Kaplan-Meier curves have the advantages and disadvantages of displaying simple versions of raw data for members of groups. Someone with knowledge of the subject matter can gauge whether the data sample is representative of the population of interest. Survival differences among groups are easy to see. If survival curves for different groups cross, you can consider what that means in terms of the situation you are studying.
Unless the data are from a randomized trial or the groups are balanced for other outcome-associated variables, however, the Kaplan-Meier plots will hide the potential contributions of other variables to outcome. If those variables are also associated with group membership, you might be misinterpreting the apparent survival differences as being primarily due to group membership per se rather than to the group differences in values of other variables.
As you note, the log-rank test is only for evaluating whether there are any differences in survival curves among the groups. It also doesn't take other variables readily into account, as with additional categorical predictors you end up with multiple small groups and continuous predictors would have to be binned into groups. Frank Harrell thinks that the log-rank test shouldn't even be taught as a separate test any more, as it's just a special case of a Cox proportional hazards model. A Cox model can deal directly with multiple and continuous covariates.
I suppose that it might be possible for a log-rank test to show no difference in overall survival curves while median survivals are different, but (1) it's hard for me to think of such a situation and (2) you would then have to try to understand how to explain such a situation based on your understanding of the subject matter.
With non- or semi-parametric survival analysis based on Kaplan-Meier or Cox models, there are important differences between comparing survival probabilities at a given time and comparing median survival times. The primary variance estimates are related to survival probabilities at given times. It's straightforward to test for significantly different survival between two groups at a given time by comparing the survival difference against the corresponding standard error of the difference. This page has a simple illustration.
Group comparisons among median survival times in such models is trickier.

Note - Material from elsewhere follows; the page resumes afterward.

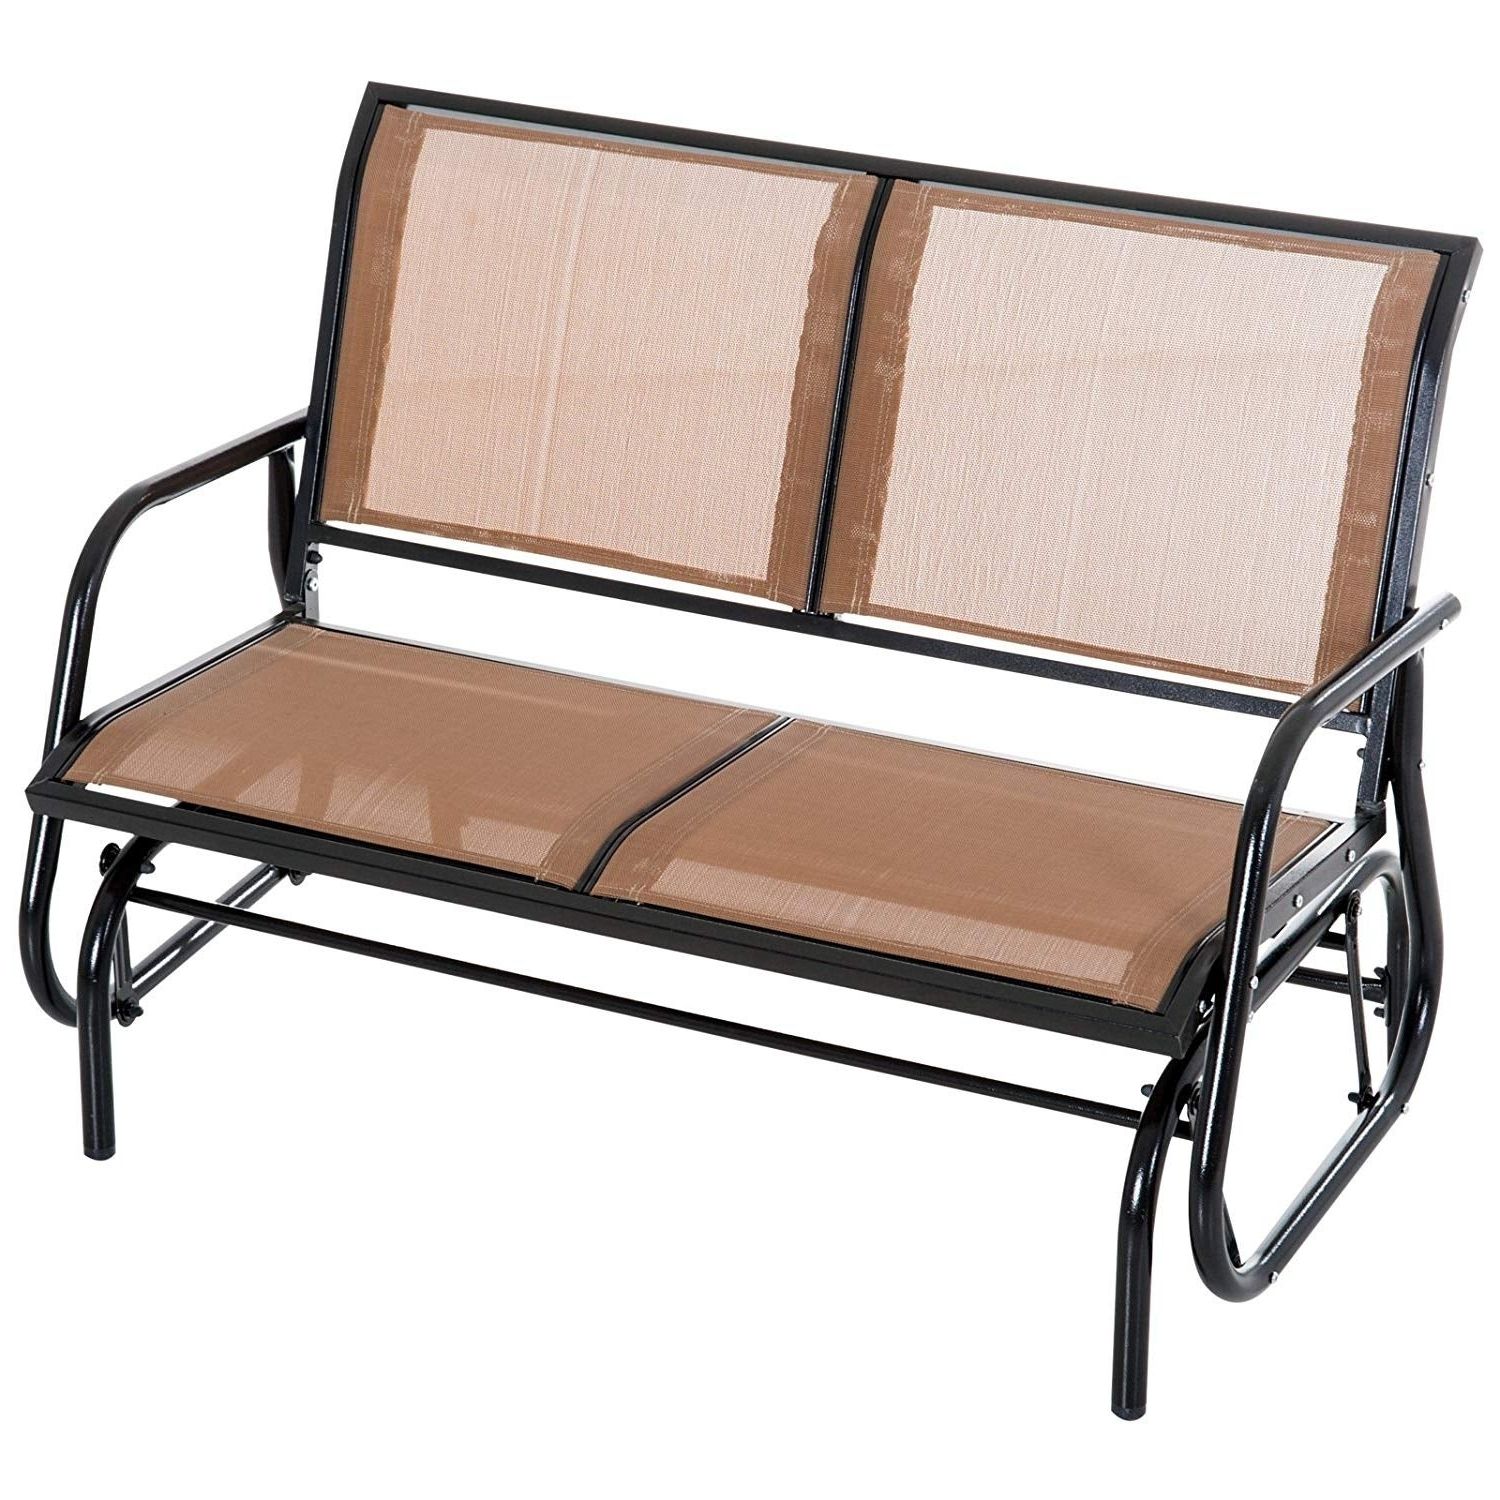 2019 Outsunny 2 Person Steel And Mesh Fabric Sling Weather Resistant Outdoor  Patio Glider Double Swing Chair – Brown Throughout Sling Double Glider Benches (View 24 of 30)

For a median-survival-time confidence interval, you find the time points at which 50% survival intersects the corresponding upper and lower confidence intervals of the survival estimate as a function of time. The errors in median survival times, unlike (properly transformed) survival probability estimates, don't typically have near-normal distributions. That complicates median-survival comparisons among groups. This paper reviews some methods and proposes a new one to get around the problems: Chen, Z., Zhang, G. Comparing survival curves based on medians. BMC Med Res Methodol 16, 33 (2016). I don't have experience with that method, however.